What is needed is a verbatim copy of the data, minus the pictures.

SOURCE DATA:

┄┄┄┄┄┄

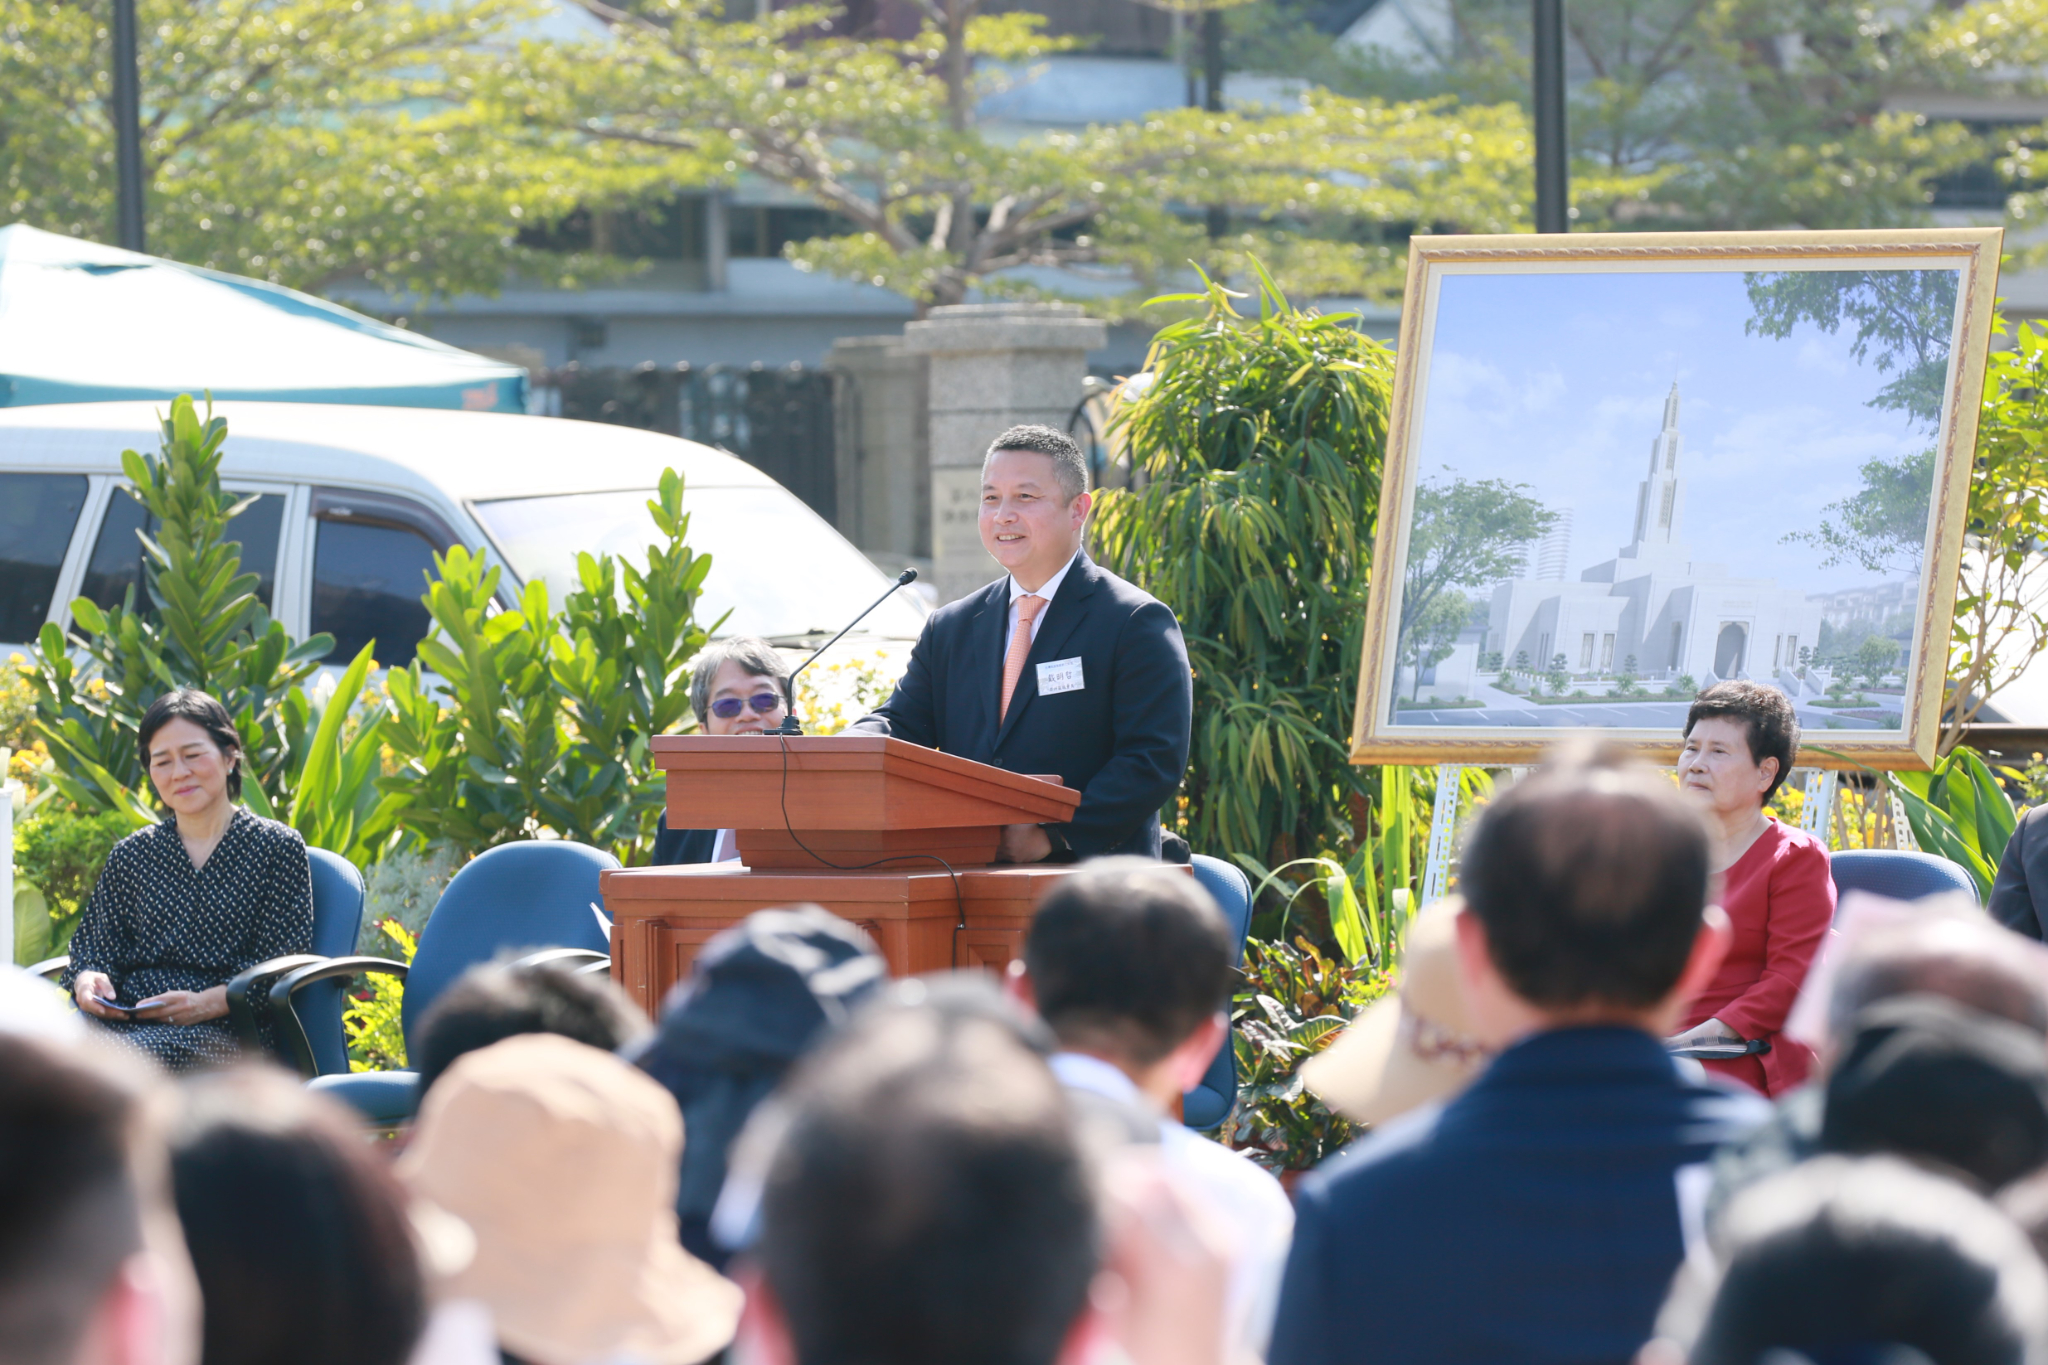 Elder Benjamin M. Z. Tai wearing a suit and tie and speaking from a pulpit outside.
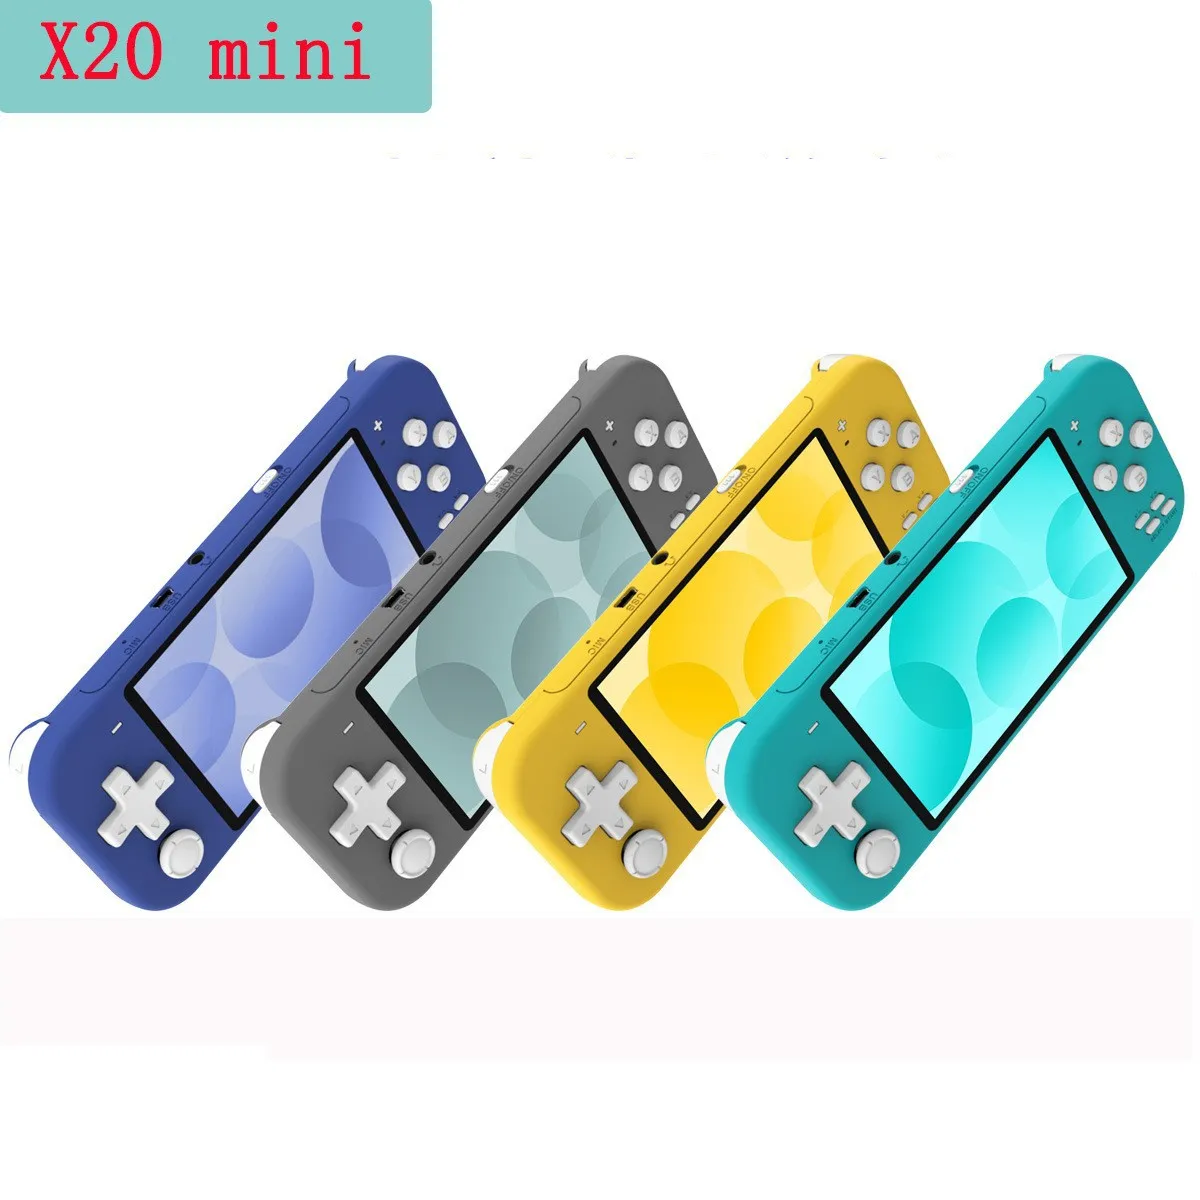 X20 Mini Handheld Retro Games Console Protable Game Players 8GB 4.3-inch Screen Supports FC/SFC/GBA/NES/GB/MD Nostalgic GBA for Kids Gift
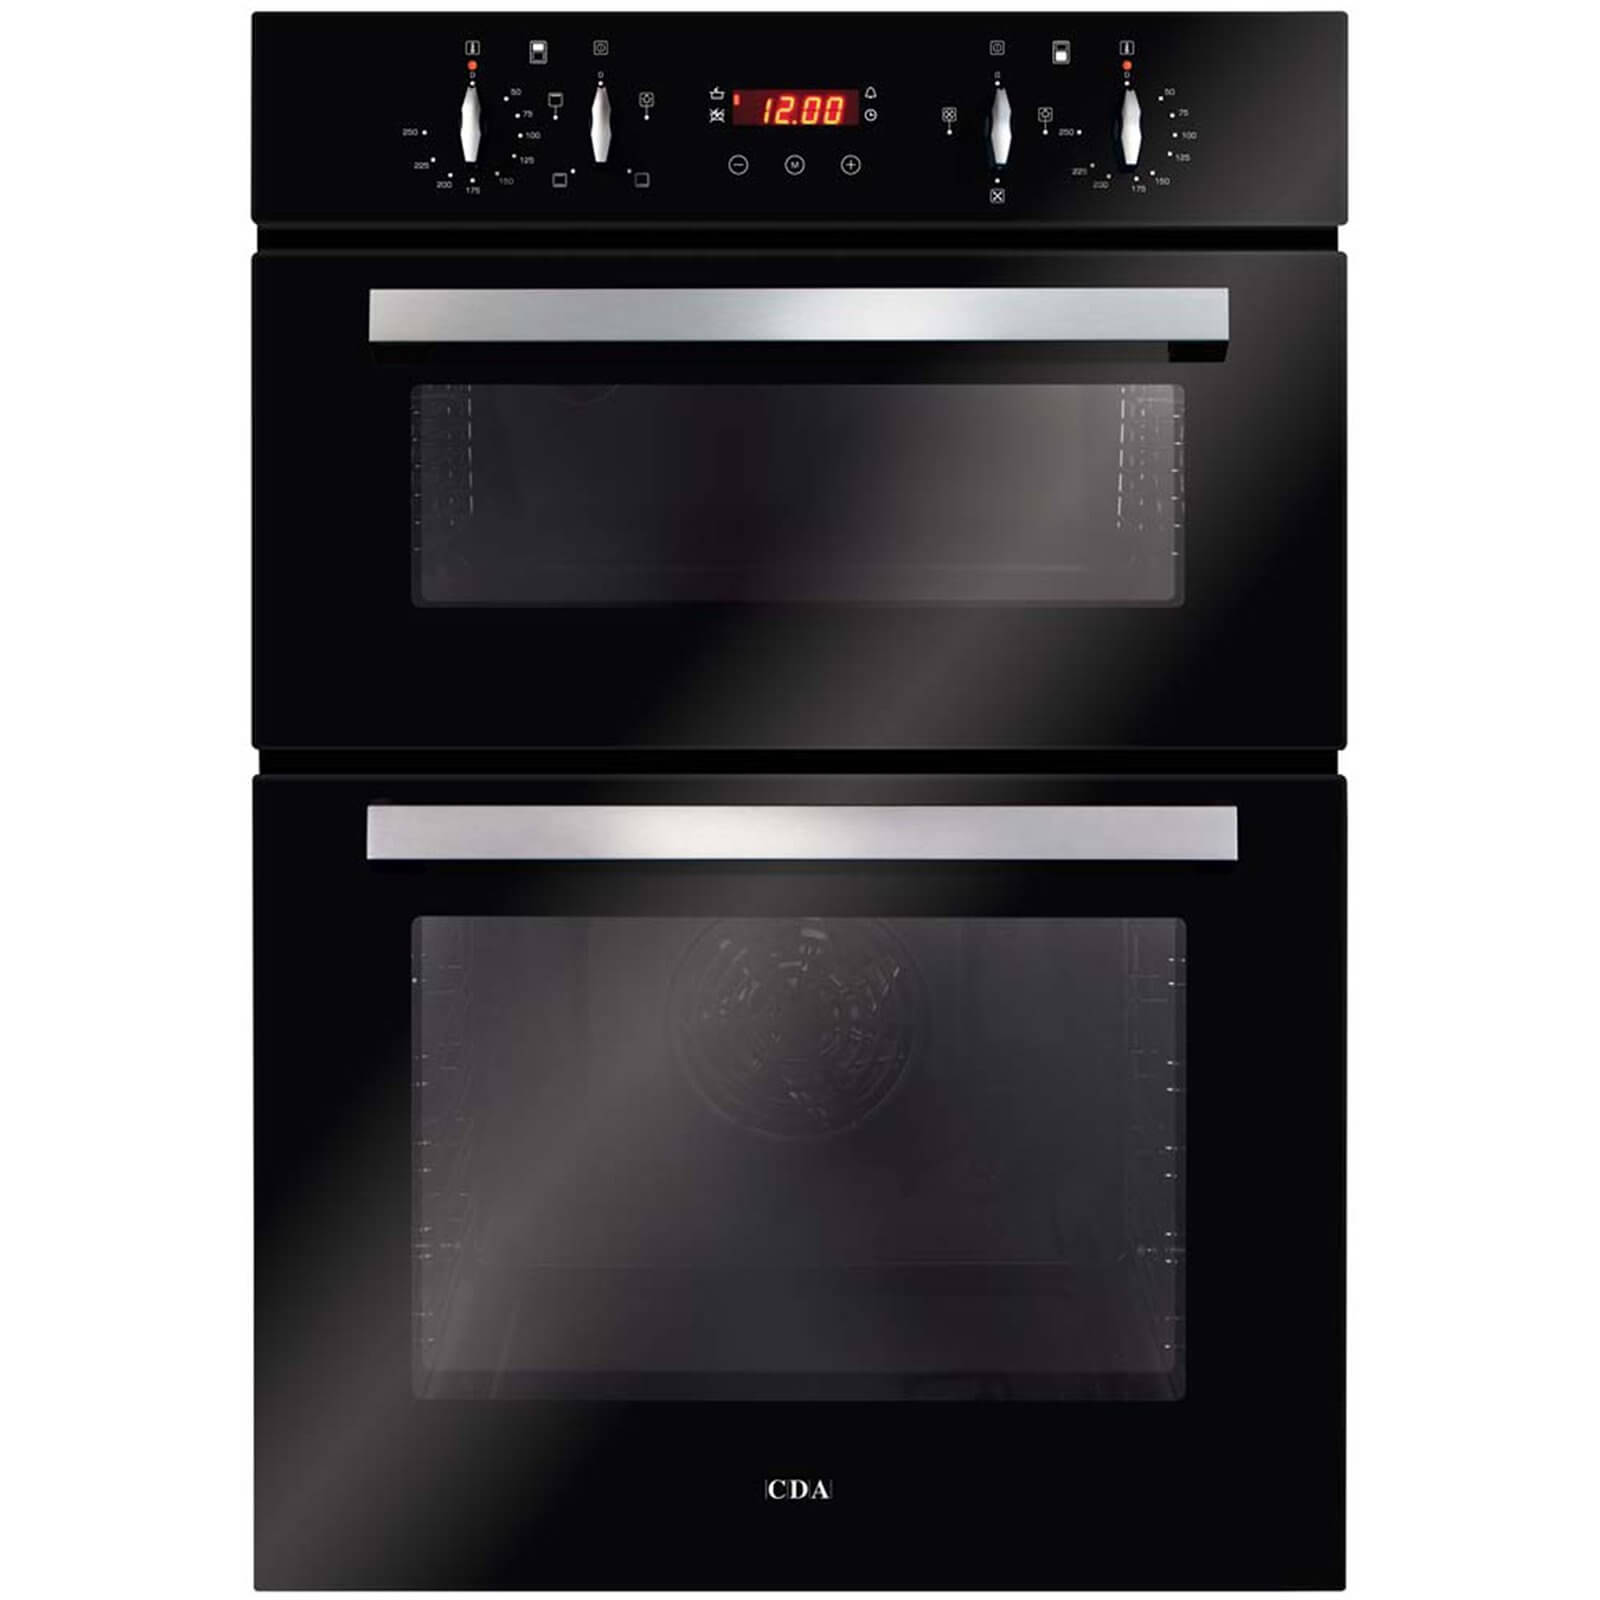 CDA DC940BL Built-in Multifunction Double Electric Oven - Black

┄┄┄┄┄┄

SOLUTION FOR THIS EXERCISE:
 Elder Benjamin M. Z. Tai wearing a suit and tie and speaking from a pulpit outside.
 X20 Mini Handheld Retro Games Console Protable Game Players 8GB 4.3-inch Screen Supports FC/SFC/GBA/NES/GB/MD Nostalgic GBA for Kids Gift
 CDA DC940BL Built-in Multifunction Double Electric Oven - Black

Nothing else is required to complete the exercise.